3.4 Results of incidental detections

A number of observations were made towards MSX sources in the early stages of this project that were later excluded. Althought these data have no direct relevance to the RMS survey we present them here as they may prove useful to the wider astronomical community, however, these results will not be discussed in detail.

In total 190 observations were made towards MSX point sources that were later excluded from our sample of MYSOs. Our original colour selection were made using an early version of the MSX point sources catalogue (MSXv1.3), however, when the same selection criteria was applied to the more recent version of the catalogue (MSXv2.3), many of the originally identified sources were found to no longer fulfil our selection criteria and were subsequently dropped. In addition to the sources that failed the colour cuts in the final version of the MSX catalogue there were a number of sources that passed the colour cuts but were found to be associated with 2MASS sources that possess flat or blue near-IR colours, or were found to be considerably extended in the MSX images and therefore more likely to be HII regions rather than MYSOs.

Since these observations have been made as part of our project, the observational procedures, data reduction and source parameters are all as described in Sects. 2.2, 2.3 and 3.3 respectively. The observation dates and configuration parameters are as presented in Tables 1 and 2 respectively. The field names, pointing position and parameters derived from the reduced maps are presented in Table 6 (available in electronic form at the CDS).

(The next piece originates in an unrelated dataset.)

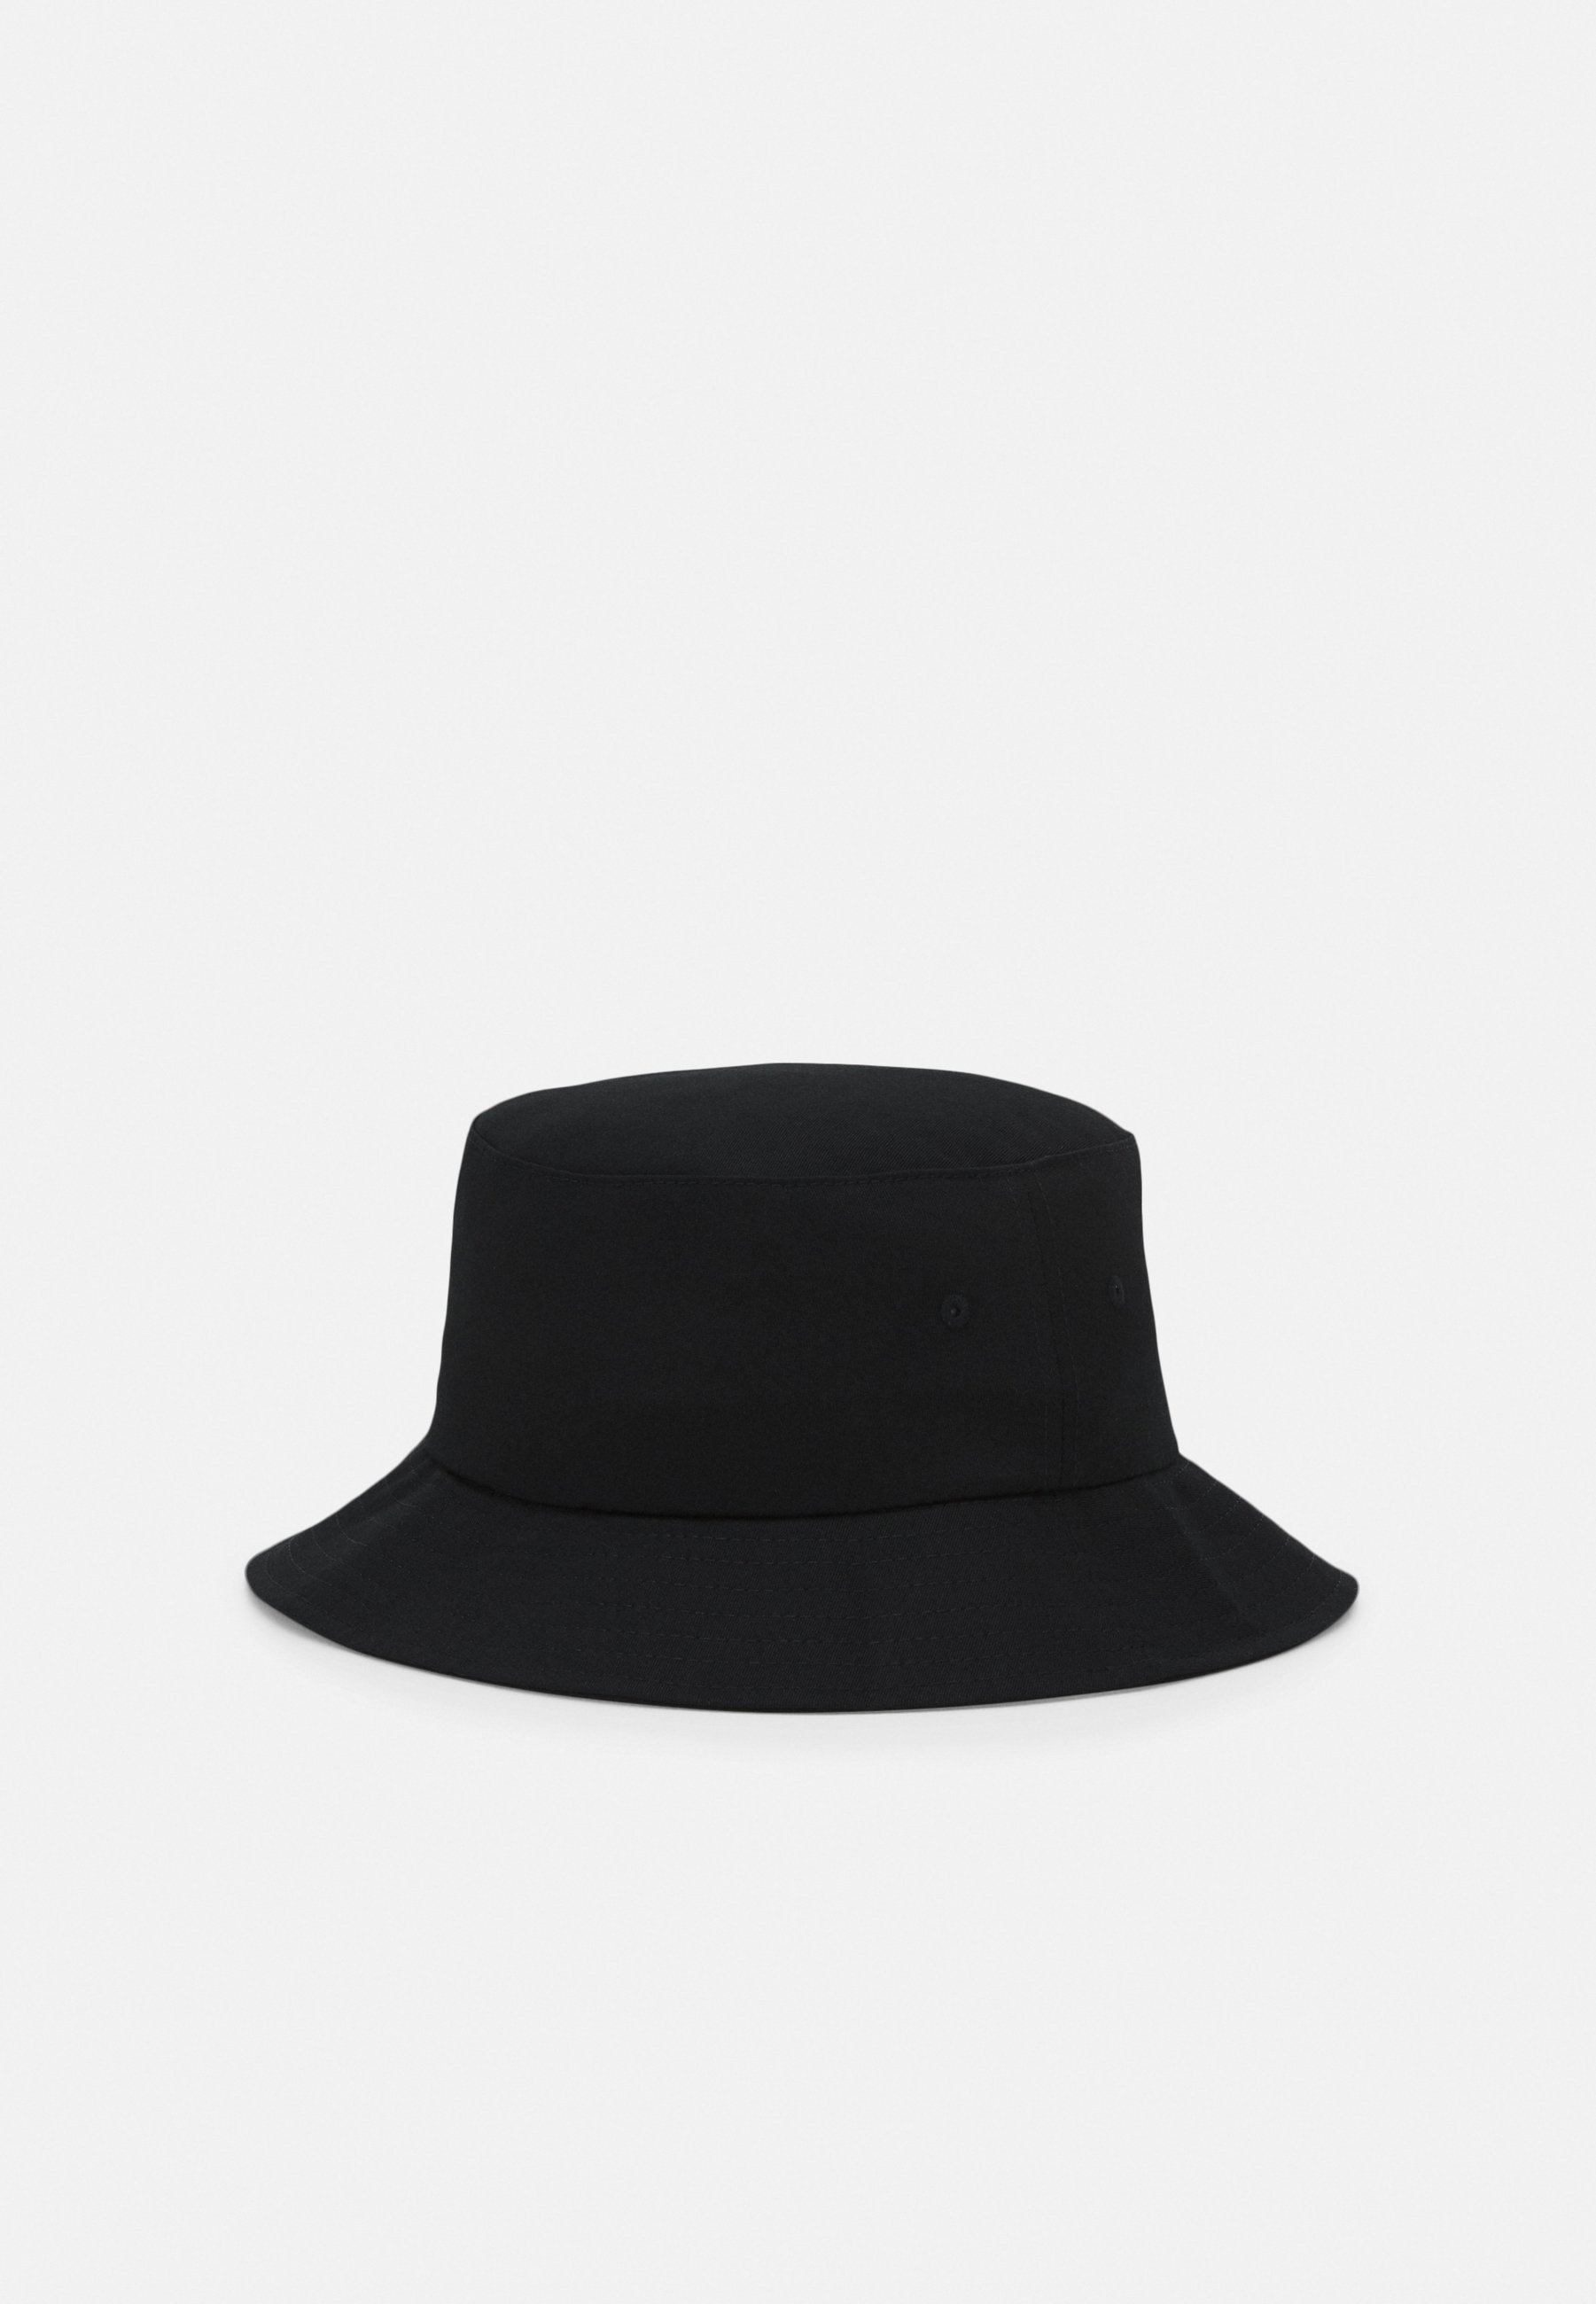 Homme PRAY BUCKET HAT UNISEX - Chapeau
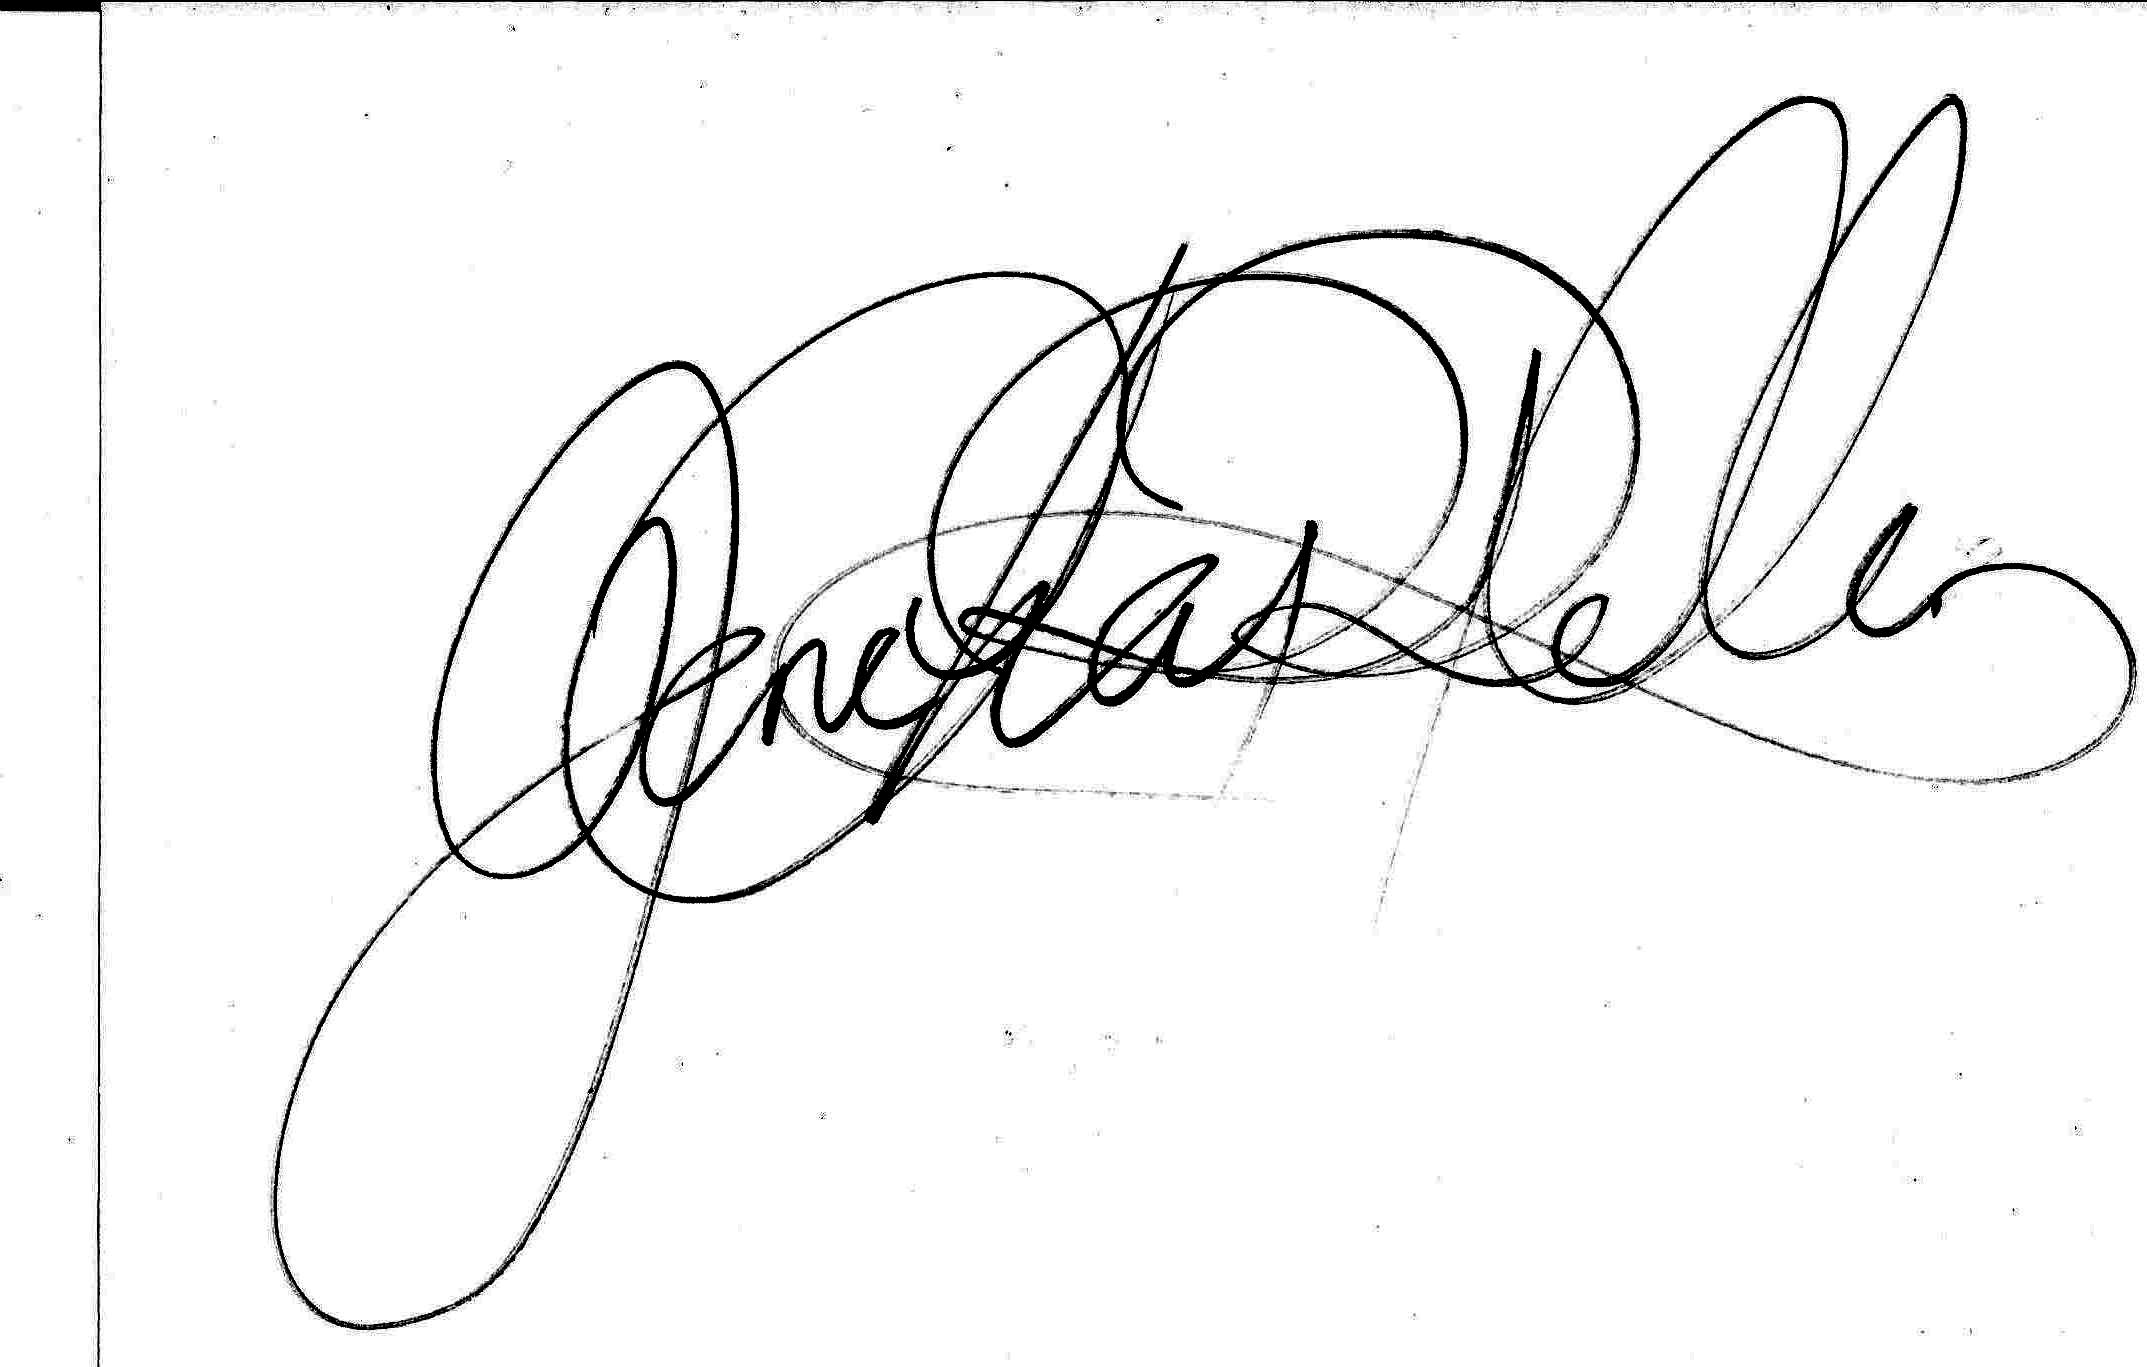 jane chappelle Signature

In total an additional 169 radio sources were detected, 51 of these were found in RMS fields and the 118 were found in fields towards later discarded MSX sources; as these detections are not related to our survey we consider these to be incidental detections. We searched the MSX point source catalogue out to a radius of 25 $^{\prime \prime }$ for possible mid-IR counterparts and used the same 12 $^{\prime \prime }$ cutoff used to identify genuine associations from chance alignments (see Sect. 3.1). In Fig. 6 we present a plot of the angular separation between the radio sources and their nearest MSX counterpart.

\end{figure} Figure 6: Histogram showing the projected angular separations between the incidental radio detections (see text for details) and their nearest MSX point source counterpart. The positional offsets for all possible matches within the 25 $^{\prime \prime }$ are plotted.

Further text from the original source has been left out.